The EndSARS protests soon captured global attention. Unfortunately, on October 20, 2020, five years ago today, the movement was brutally suppressed in a display of state-sanctioned violence that the government continues to deny. We all watched, in horror and disbelief, as the Nigerian army opened fire on unarmed protesters waving the national flag.
Where the start of EndSARS was defined by faith in our collective strength and a rare sense of patriotic optimism, the events of that night seemed to undo it all. Many young Nigerians were abruptly awakened to a new political and social consciousness. For the first time, we were forced to confront the brutal truth of our disposability and how little regard the state had for our lives, our voices, and our rights.
‘‘Before EndSARS, I believed there were certain lines the government wouldn’t cross,’’ journalist Nelson C.J. told NATIVE Mag. ‘‘Shooting unarmed citizens felt unimaginable. I assumed there was a baseline of decency, a kind of unspoken code. That illusion shattered on October 20th.’’
In Greek mythology, when Pandora opened her box and unleashed all the world’s evils, one spirit remained: Elpis, the spirit of hope. Watching Nigerians come together across ideologies and subcultures during EndSARS felt like we’d been given that spirit to tend to. But on the night of October 20th, it felt dampened as we watched Nigerians who held the Nigerian flag and sang the National anthem being shot at.
‘‘The reminder I have of EndSARS happening is the toll gate not being functional, which I believe is a doggy bone that will soon be snatched away,’’ Molua shares. ‘‘Other than that, it feels like we’re being punished. The country has gotten so much worse since then, by every single indicator.’’
Five years might be a short time in a country’s history, but in a person’s life, it’s long enough for wounds to harden into silence. And seemingly that is what has happened to the generation that a few years ago thought that to ‘Soro Soke,’ was going to be our defining characteristic. Five years ago, we shouted, tweeted, and posted about how we were not like our parents’ generation. It seems like Nigeria is happening to us still. We may rephrase or reframe it, but it is visible in how the big Nigerian dream of today is to ‘japa’ where for our parents, it was ‘checking out’. It all feels like a case of different names but the same reality.
‘‘Sometimes I fear that the Nigerian goldfish memory has set in,” Fadahunsi shares. “We forget the horror. We forget the power we once felt as we marched, demanded, and hoped. We forget the shock of watching our government shoot its own citizens, people armed with nothing but the flag. We forget how quickly the truth was buried under propaganda.’’
So, did we change Nigeria, or did Nigeria change us?

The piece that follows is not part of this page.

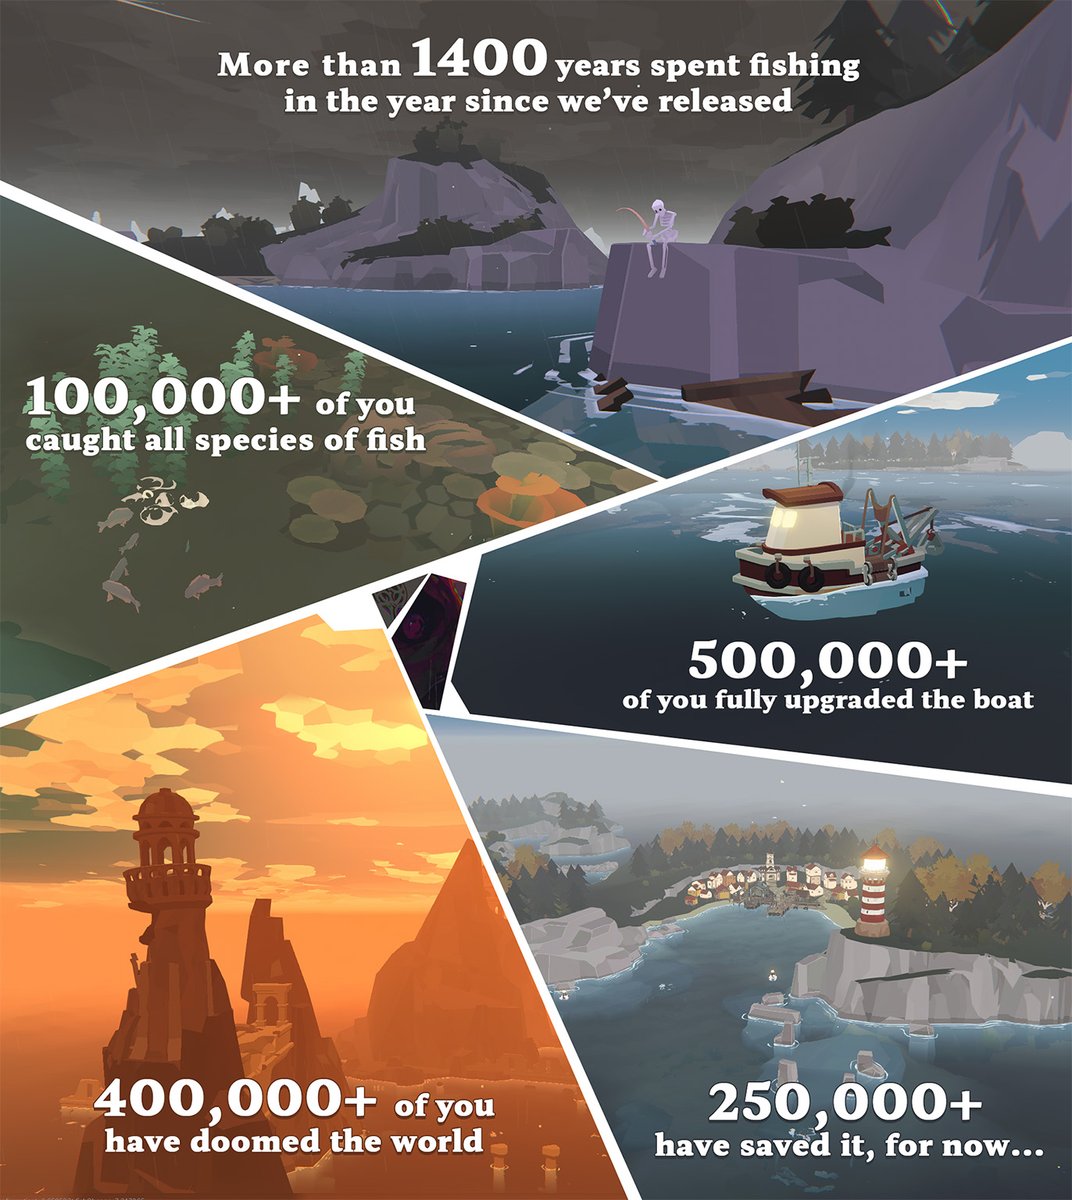 One year ago today, we released DREDGE to the world! 🌏 Since then: 🐟 100,000+ caught all species of fish ⛵ 500,000+ fully upgraded the boat 🗺️ 250,000+ saved the world, for now... Happy Dredge-versary! Thank you all for your support over the last twelve months 🥳

‘‘The change was sadly not transformative. It unlocked, I’d say, a hunger for escape and a sad sense of statelessness in many.’’ C.J. says. ‘‘While it may seem like nothing really changed, the protests really did show us what is possible. And while it may not happen again, it is a confirmation that when the time comes, we will know how to find our voice again.’’
It is in that possibility, the possibility of our collective power causing change, forcing the political class to look at the state of the country and to get that story out there on the global stage, that the greatest win of the ENDSARS movement lies. Young Nigerians, in a matter of days, created and maintained a decentralized movement that the entire country and the world felt in the middle of one of the most action-packed years of our lives. This should be the legacy of ENDSARS: a constant reminder that we can demand better of institutions meant to serve us.